As probably the most well-studied (and widespread) woodland type in Britain, the variation within W8 is considerable. This mostly relates to the way that soil type, rainfall, altitude, climate and management affect the details of the ground flora. Seven subcommunities are described in British Plant Communities:
- W8a Primula vulgaris - Glechoma hederacea subcommunity is characteristic of wetter, slightly acid soils in the SE of Britain, where woods were typically coppiced and planted with oak standards.
- W8b Anemone nemorosa is found on heavy clay soils throughout the lowlands. It is this community that is most likely to make up the hornbeam/midland hawthorn woodlands, often with frequent lesser celandine in the ground layer.
- W8c Deschampsia cespitosa is usually found on woodland margins or in coppice clearings, where it can be a temporary occurrence. It can be recognised by the strong growth of tall herbs, such as great willowherb, rosebay willowherb and perforate St. John's-wort.
- W8d Hedera helix describes stands of secondary or disturbed woodland where increased light levels have allowed ivy to increase, although this less species-rich community persists in the dense shade of a closed canopy.
- W8e Geranium robertianum is arguably the "normal" type of woodland, being found everywhere on calcareous, well-drained soils and it is the one most likely to harbour a species-rich ground flora with a variety of rare plants, especially in ancient, semi-natural stands.
- W8f Allium ursinum typically occurs on hillsides with lateral flow of subsurface water creating a damp but never inundated soil.

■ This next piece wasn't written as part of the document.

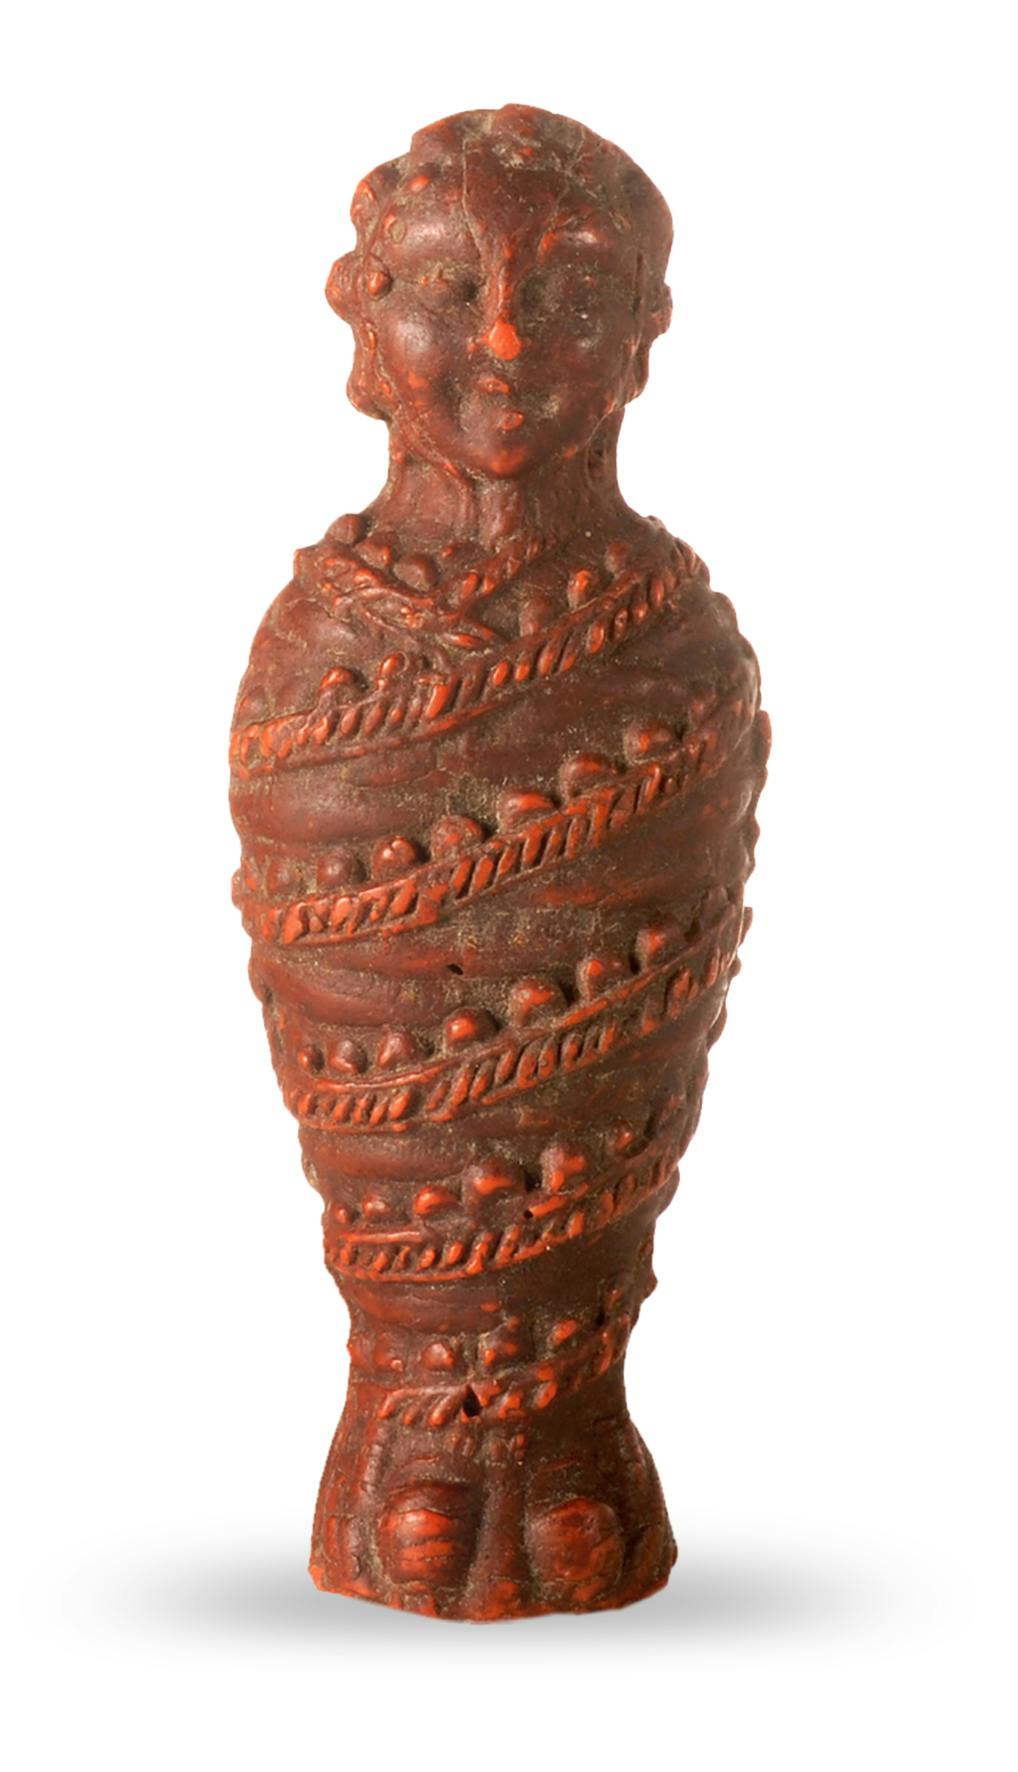 Fatschenkind aus Wachs, Votivgabe, 11.5 cm, Herkunft unbekannt, keine Angaben zur Datierung

It is dominated by wild garlic, but that alone does not necessarily indicate a W8f woodland, as that species can also be favoured by selective grazing, particularly by deer. It is strictly a western type of vegetation
- W8g Teucrium scorodonia subcommunity is largely restricted to the Derbyshire Dales and the Wye Valley, where it is distinctive for the presence of both species of lime, English whitebeam, rock whitebeam, grey-leaved whitebeam and round-leaved whitebeam.

==Distribution and zonation==
This community is widespread throughout lowland Britain, becoming scarcer in the uplands of the north and west, where it is replaced by community W9.

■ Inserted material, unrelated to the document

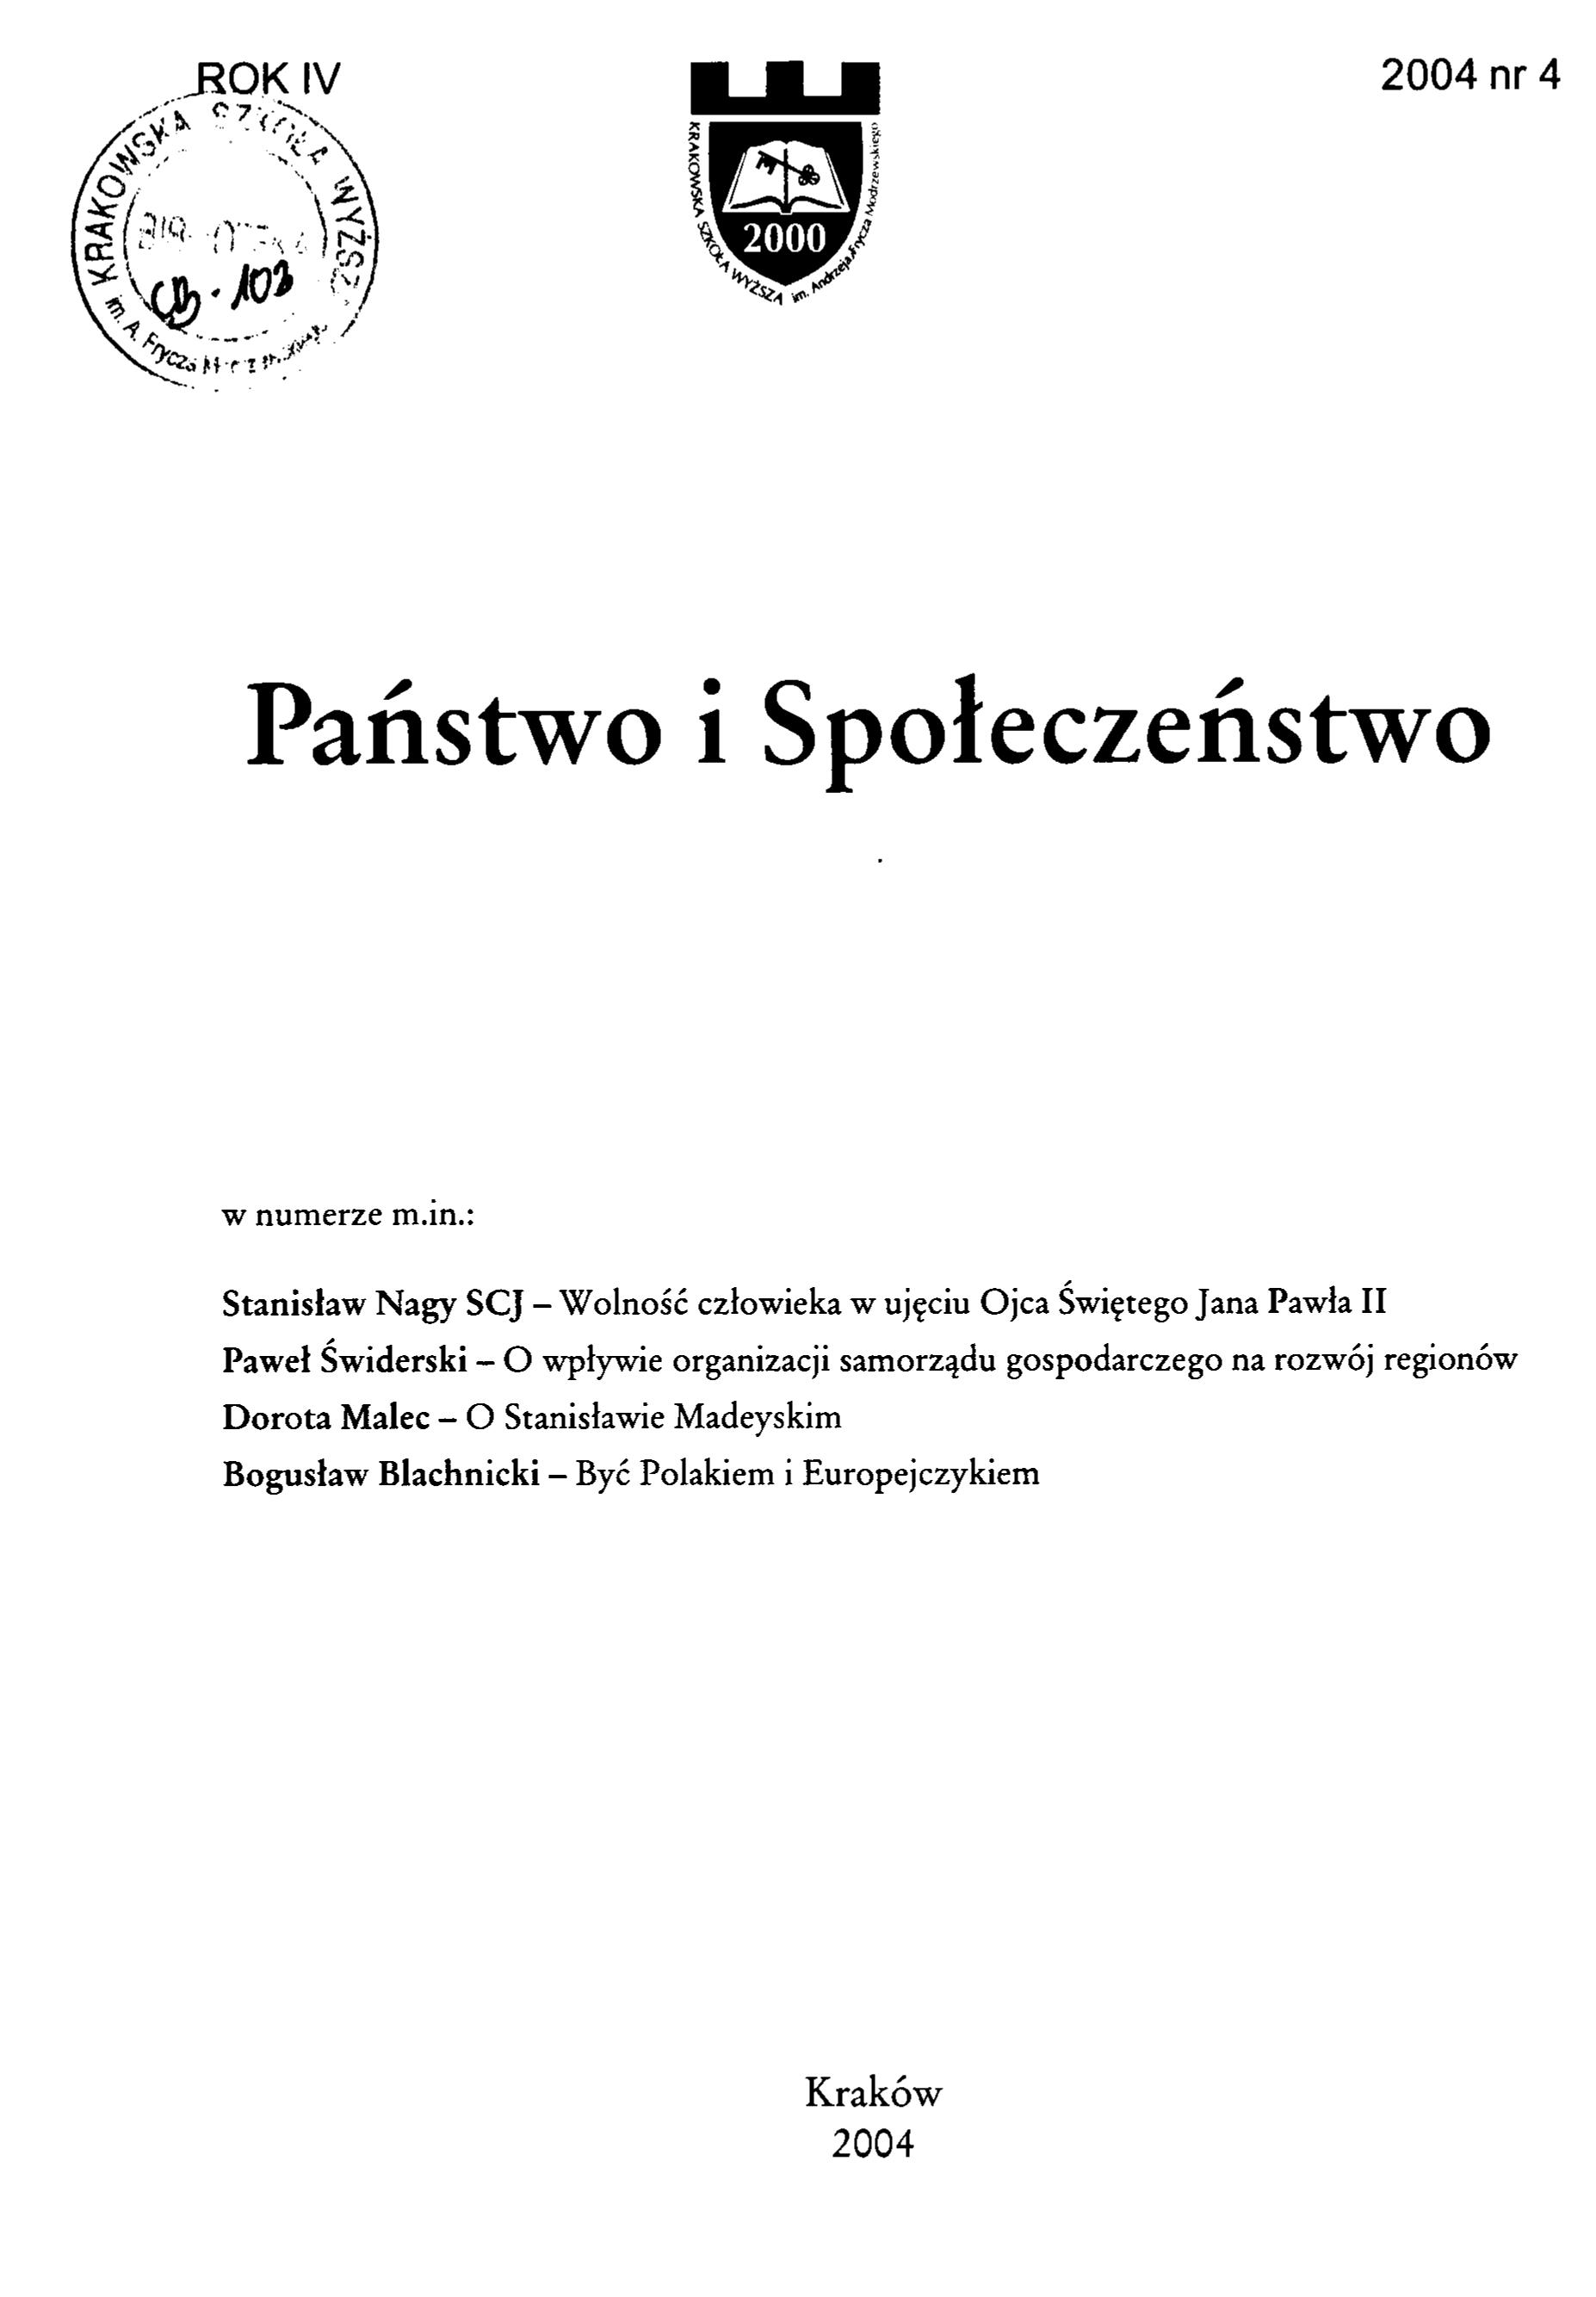 Andrzej Frycz Modrzewski - spelling doubt removed Cover Image

Along river valleys in England, W8 often grades into W7 towards the source, where the soil is wetter. On chalk or limestone exposures, W8 is often the main community on slopes but replaced on the plateau by W10 if the soil is deeper and less calcareous.

Scrub communities often succeed to W8 as their climax community. W21 hawthorn scrub and hedges can develop into W8 ash woodland as the ground flora and the trees mature, as can W22 and W24.

==Other treatments==
In the European EUNIS habitat classification system, the equivalent vegetation is G1.A Meso- and eutrophic Quercus, Carpinus, Fraxinus, Acer, Tilia, Ulmus and related woodland. This includes habitat 9180 Tilio-Acerion forests of slopes, screes and ravines, which accounts for the more western 'rainforest' types of W8 (and W9), and are considered some of the most important woods in Britain. Some 29 SACs have been designated, and it is a qualifying feature in many others.